In 2005, Bay Street law firm Stikeman Elliott LLP published a paper titled “Litigation Unleashed,” which suggested that a massive wave of securities litigation was coming and, for good measure, featured an awesome lightning bolt on its cover.
It was typical of the alarmist response from the business elite and their consultants and advocates to changes that year to the Ontario Securities Act, which made it easier for shareholders who bought stock on the “secondary market,” such as a stock exchange, to sue companies for making misrepresentations to investors.
Early each year, economic consulting firms that advise defendants in securities class actions publish reports on the state of the practice area in the United States and Canada. One such firm, NERA Economic Consulting, reported on Thursday that only nine securities class action cases were filed in Canada in 2012, down sharply from 2011, when NERA reported a record 15 new filings.
That higher number, however, constituted a mere 54 per cent of U.S. filings in 2011, even after adjusting for the size of Canada’s much smaller capital market. Nonetheless, NERA’s report for 2011 sounded an alarm: According to that study, it was “beyond question” that the 2011 uptick in filings was not a “transient phenomenon.” NERA blamed the usual suspects: purportedly plaintiff-friendly courts, “multimillion-dollar settlements (and class counsel fee awards),” and Canada’s supposedly lax certification standards compared with the United States.
So why the substantial drop in filings in 2012? What happened? We can think of four potential explanations.
The first, perhaps cynical, explanation is that much of the initial panic came from the business elite, which has an obvious interest in fewer shareholder suits, and periodically warns of economic catastrophe in order to deter legislatures from facilitating such suits. The spectre of a wave of “strike suits” is powerful imagery, but is divorced from the reality in Canada.
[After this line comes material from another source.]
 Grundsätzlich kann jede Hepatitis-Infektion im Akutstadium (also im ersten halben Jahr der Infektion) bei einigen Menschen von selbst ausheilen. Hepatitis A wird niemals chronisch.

A second possibility is that the plaintiffs’ bar has limited resources: 2011 involved more than increased securities class action filings, it involved unprecedented filings, such as the case against Sino-Forest Corp., one of the largest and most complex actions ever filed in Canada, and more than a dozen complex but smaller cases. A small number of firms have the capability to litigate such complex cases.
A third possible explanation might be that 2012 saw some negative developments in the practice area. In February, 2012, the Ontario Court of Appeal released its decision on Timminco, restricting the amount of time litigants have to bring secondary market securities class actions. And in September, the Western Coal class action was dismissed, in a rather dramatic fashion, which may have caused some plaintiffs’ firms to become more reluctant to pursue securities class actions.
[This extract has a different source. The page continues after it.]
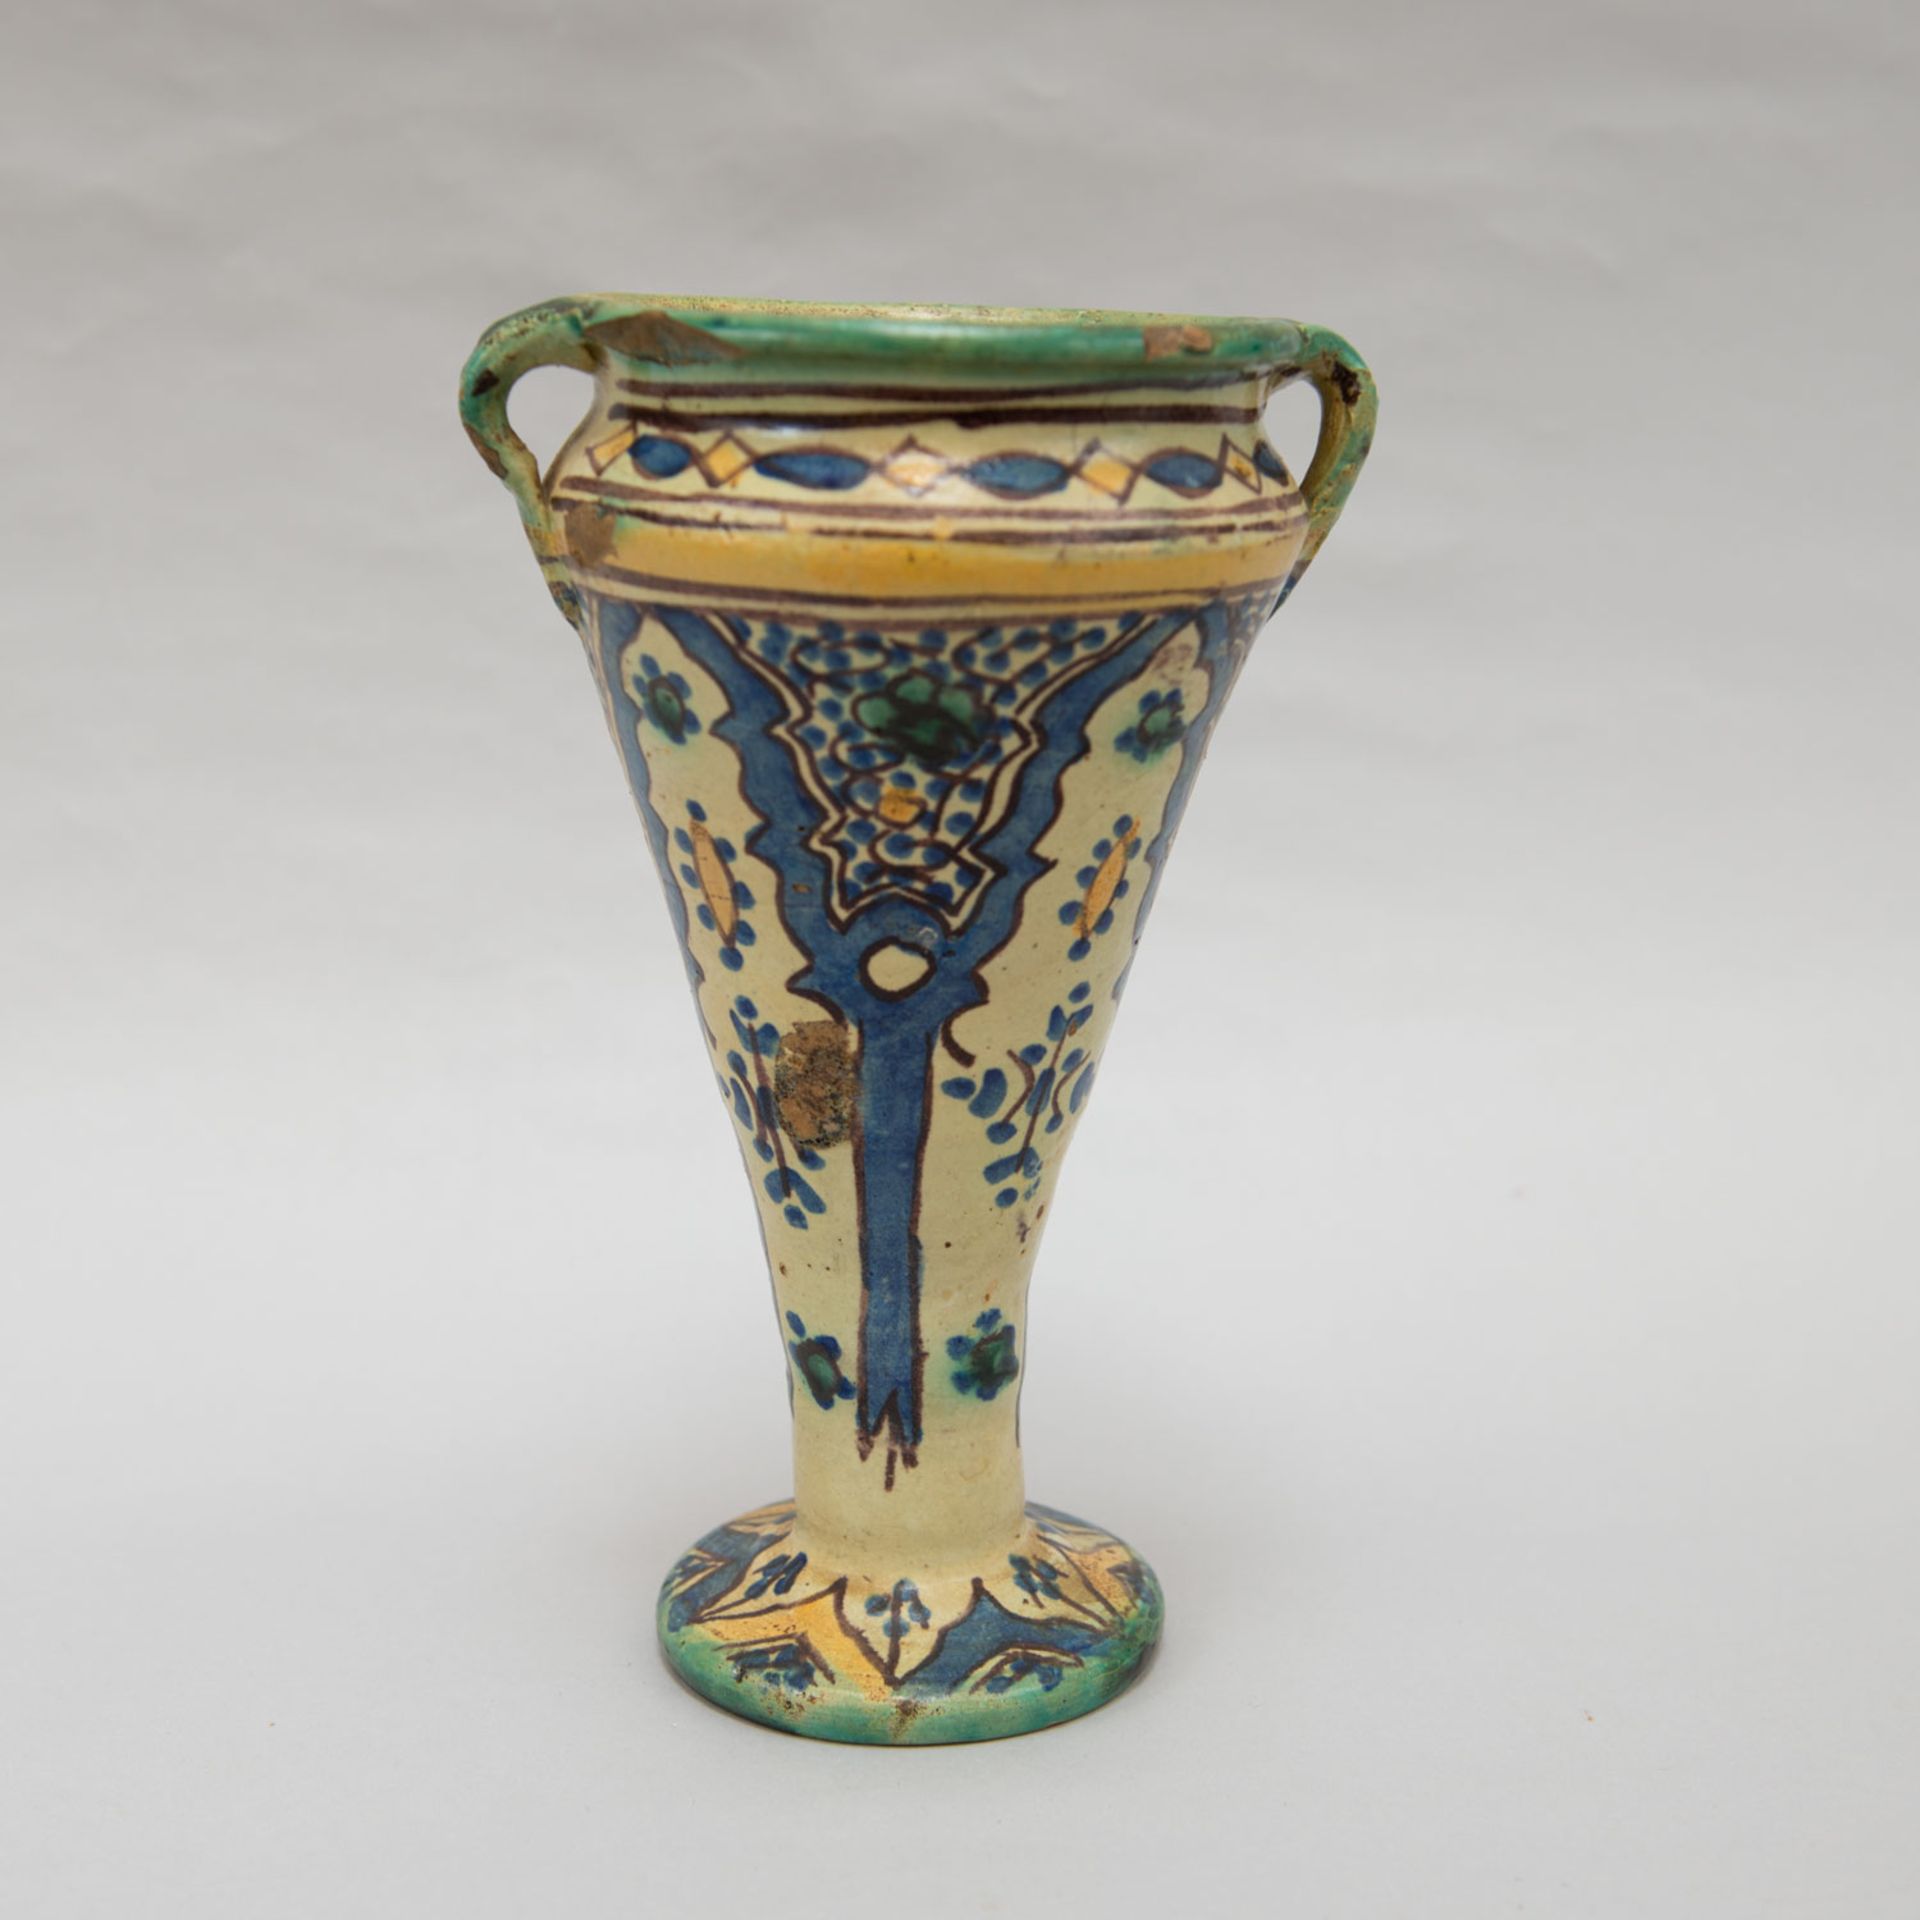 North African ceramic vase

There is, however, a fourth possibility: The reforms to the Securities Act are working. Fresh research in the United States by professors Stephen Choi, of the New York University School of Law, and Adam Pritchard, of the University of Michigan Law School, shows that securities class actions provide at least as much deterrent – if not more – than enforcement actions by the U.S. Securities and Exchange Commission.
We believe that the spectre of multimillion-dollar lawsuits, years of litigation and reputational damage to culpable defendants have helped deter stock fraud. We believe that there are fewer filings because there are fewer good cases, and there are fewer good cases because more of Ontario’s public companies are complying with their disclosure obligations. This is precisely what Ontario intended when it modernized the Securities Act in 2005.
So, to all the well-behaved companies in Ontario: Good job. To those that are thinking of harming their investors: Think twice.